The timing and manner of Jose Mourinho‘s dismissal came as a surprise more than the sacking itself, with results and mood in the locker room a problem for some time.
In the last press conferences, he appeared disengaged, down in the dumps, almost resigned. He was unrecognisable.
Mourinho was, is and probably will forever be one of the faces of world soccer, which is why his dismissal is always something of a shock. On May 4, 2021, he had been chosen, called and brought to Rome by President Dan Friedkin, the same man who in recent weeks contributed to the decision to put an “end” to his tenure in the capital.
Despite Mourinho’s continuous declarations of love for the team, the fans, and the environment, Friedkin was not pitied or won over by the Special One’s words. Quite the contrary. After a difficult period in which Roma took 6 points out of 18 available, came the decision to sack him.
How did we arrive at this decision? That is the real point of the question.

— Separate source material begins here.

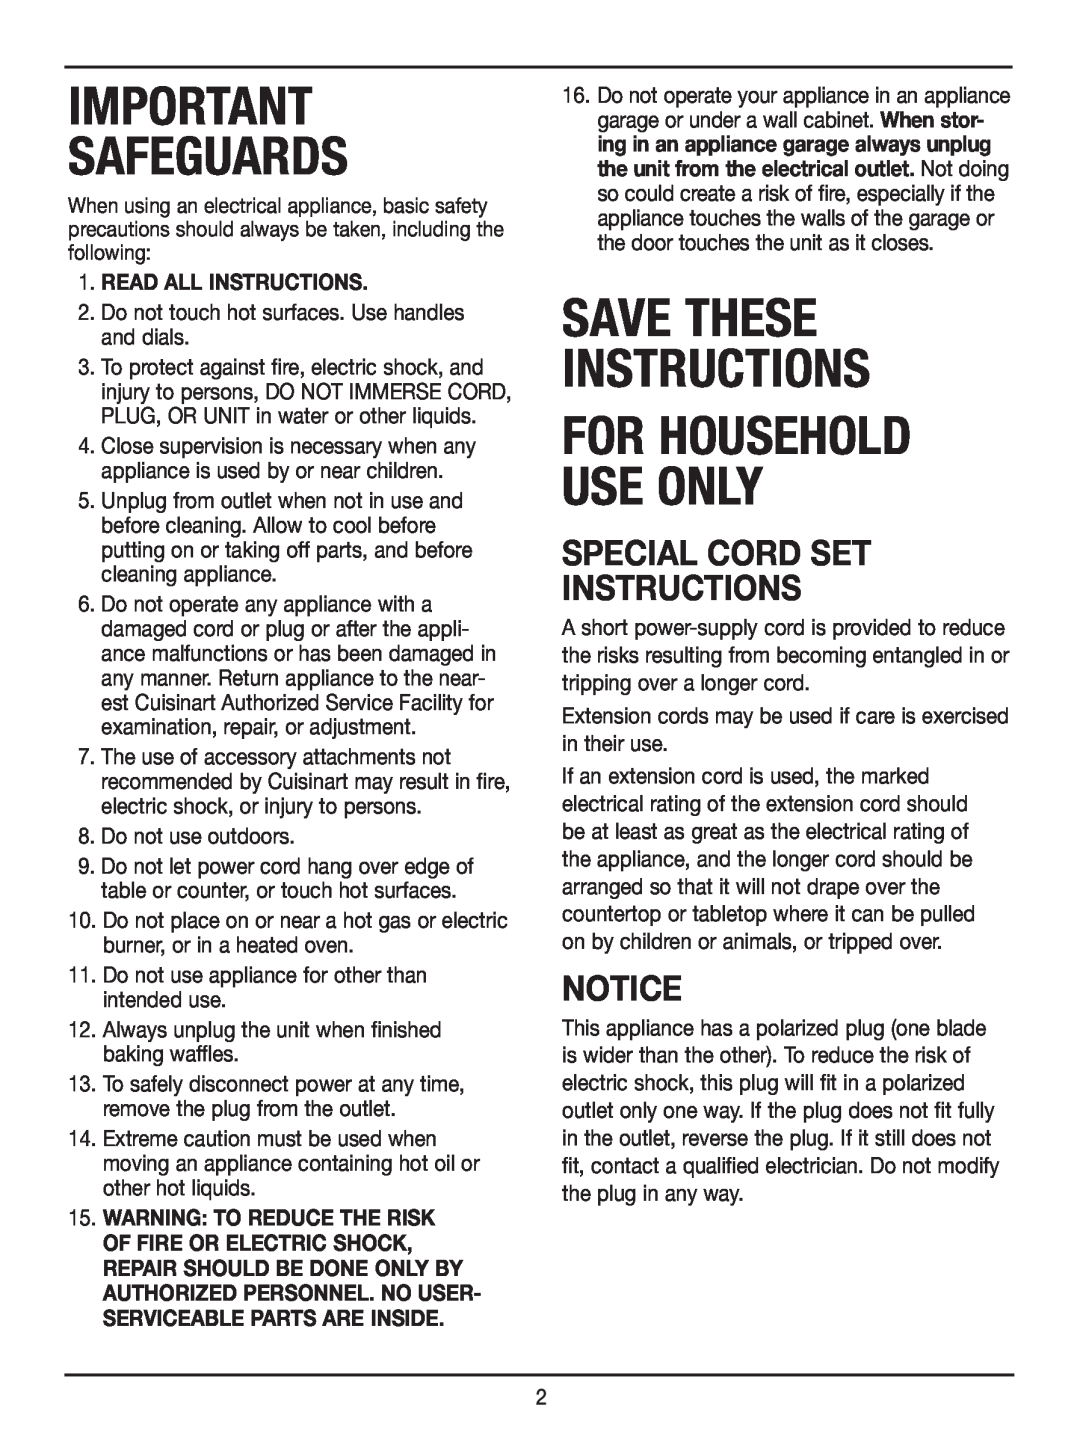 Cuisinart WAF-2OO manual For Household Use Only, Special Cord Set Instructions, Safeguards, Save These Instructions 
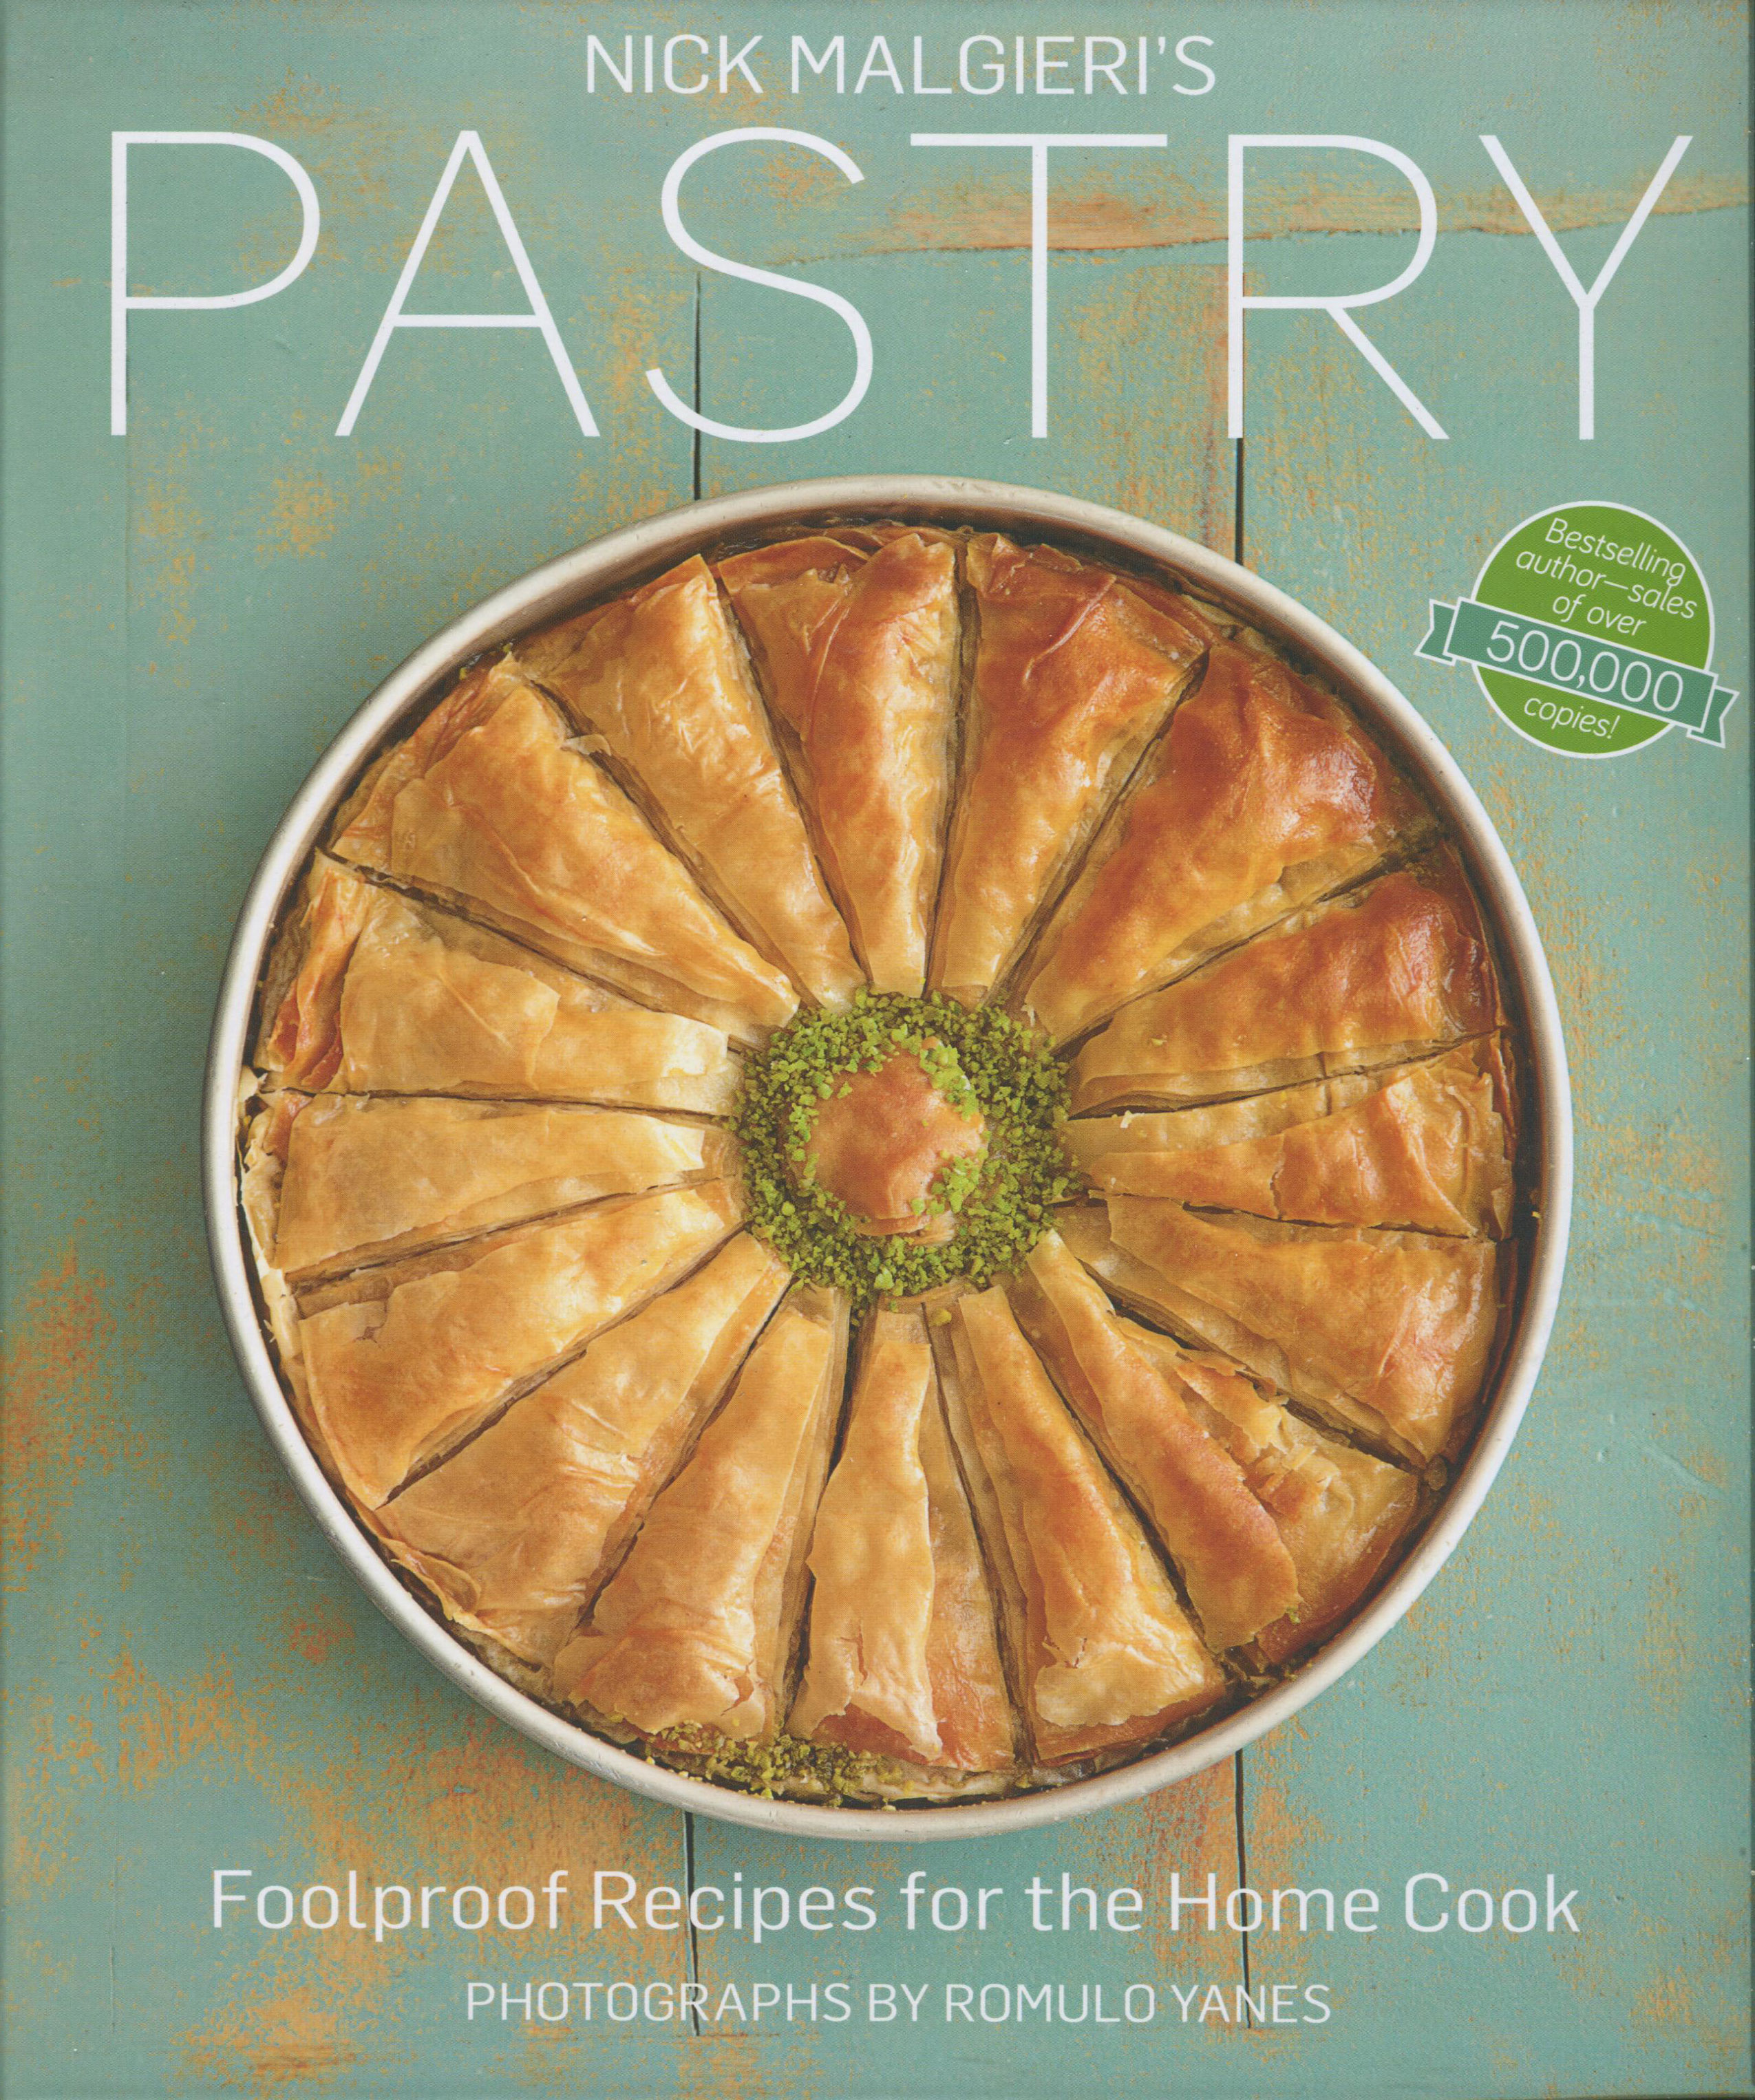 TBT Cookbook Review: Pastry by Nick Malgieri

Not whether or not it was right to fire Mourinho, because the team’s performance had drastically declined and ninth place in the standings was not in the least bit acceptable.
Budapest broke Jose and us
A section of Roma fans are not taking the decision to fire Mourinho in January well at all, because in their opinion, the Portuguese has given so much to Roma that he at least deserved the chance to work until June, for better or worse.
The truth, or at least that is the thinking of the person who’s writing this piece, is that the roads had to break after the Budapest final. The cursed final was lost to Sevilla because of a hugely controversial refereeing performance by Anthony Taylor.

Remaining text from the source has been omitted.